MetaSCUT: Large-Scale Scene Simulation based on 3D Gaussian Splatting and Universal Physics Engine

In the fields of digital twins and virtual reality, the accurate reconstruction and interaction of large-scale scenes have become key research focuses. In this paper, we present a digital twin reconstruction of a campus and implement interactive features within the reconstructed scene. For the campus reconstruction, we utilized a self-collected aerial dataset, with each building in the campus divided into several zones, each containing hundreds of multi-view images. We experimented with two mesh reconstruction methods: the first method is based on Gaussian scattering for mesh extraction, where we introduced a regularization term to align the Gaussian model with the scene's surface and used Poisson reconstruction to efficiently extract an accurate mesh. The second method is inspired by divide-and-conquer training approaches based on Gaussian primitives, along with a multi-level detail strategy. Ultimately, we found that the first method outperformed the second.

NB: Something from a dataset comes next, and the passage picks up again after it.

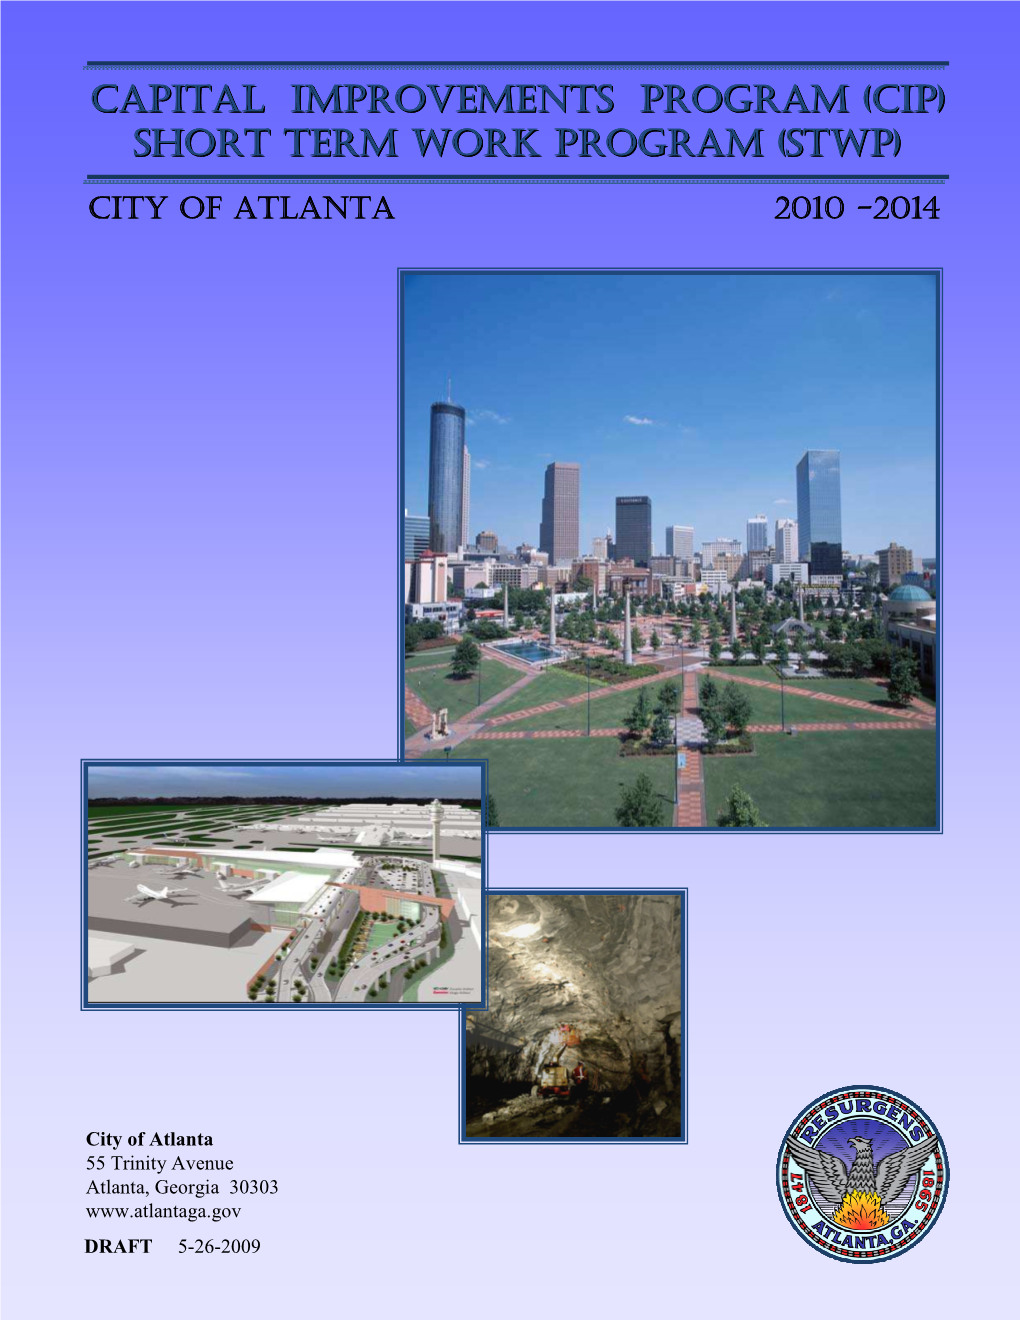 5-21-09 Cover

For the interactive component, we primarily used Blender to implement interactive features, such as a physics-simulated vehicle in the virtual campus. Additionally, we explored the use of the Genesis physics simulation engine to control the movement of multiple robotic arms. However, due to Genesis being in its early development stage and its inability to load scenes, we were unable to integrate it into our virtual campus. In conclusion, we have developed an explorative campus scene that integrates large-scale reconstruction with interactive features, offering a novel solution for the precise reconstruction and interaction within large-scale environments.

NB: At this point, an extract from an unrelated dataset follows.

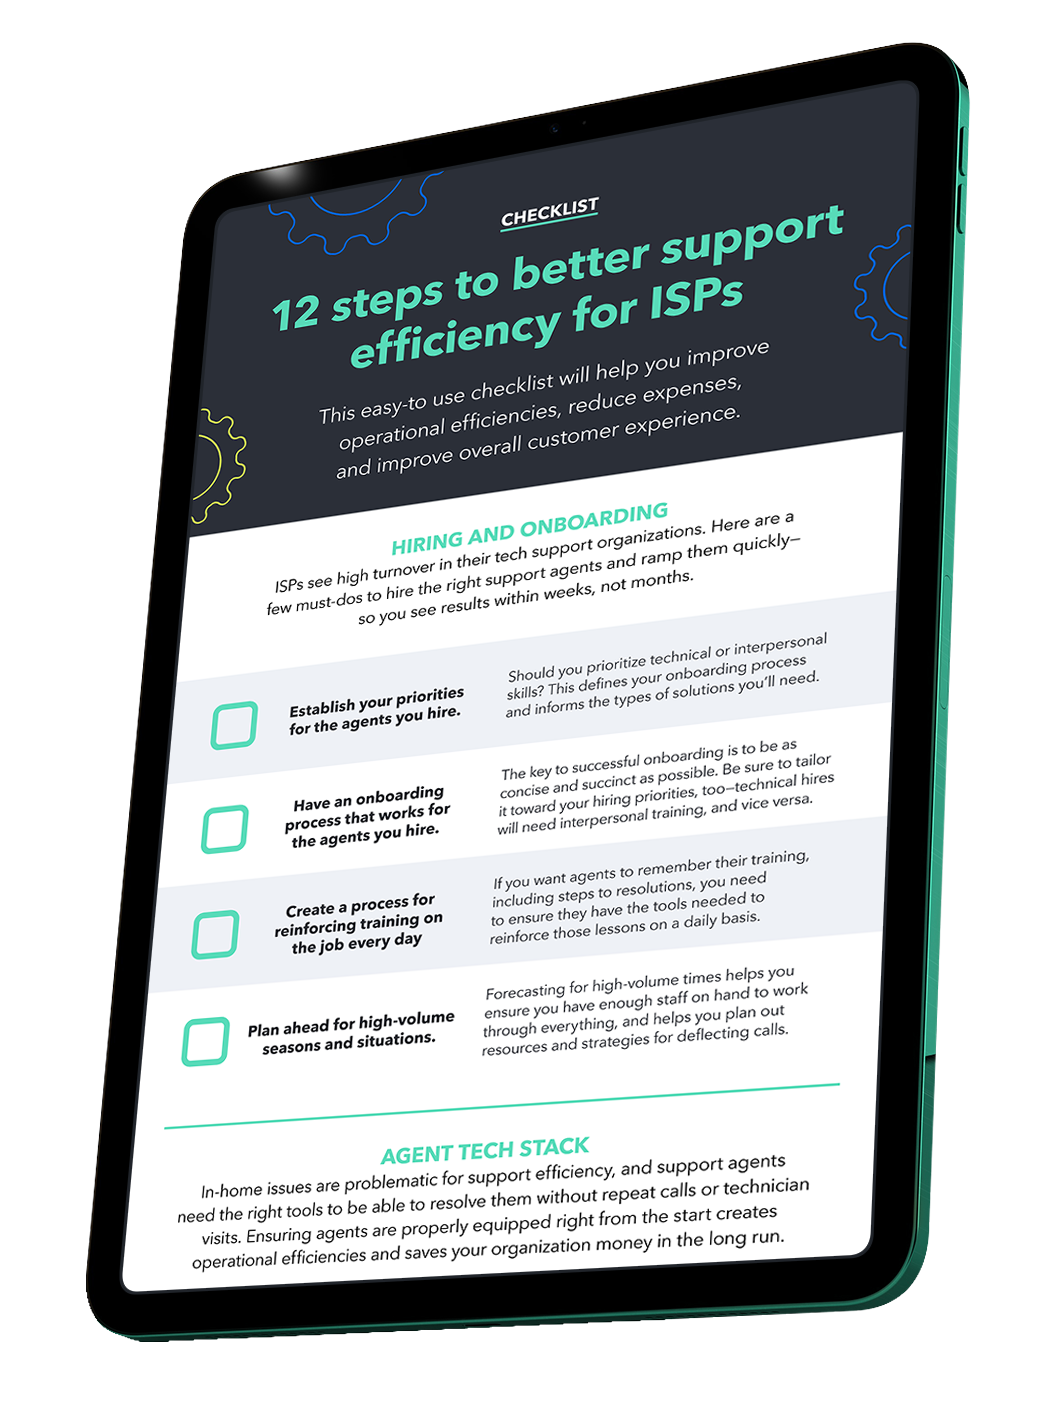 Checklist: 12 steps to better support efficiency

Pipeline of our MetaSCUT, which integrates dataset analysis, SuGar-based mesh reconstruction, and Blender-assisted scene rendering. The process begins with aerial data acquisition, including denoising, alignment, and parameter adjustment, to generate an initial point cloud and camera parameters. SuGar mesh reconstruction involves five key steps: generating initial Gaussian representations, optimizing the Gaussians with regularization terms, extracting the mesh using density functions and Poisson reconstruction, refining and binding the mesh, and rendering the scene. Finally, the output mesh is enriched in Blender with Gaussian-based textures, material adjustments, and is exported as static images or videos.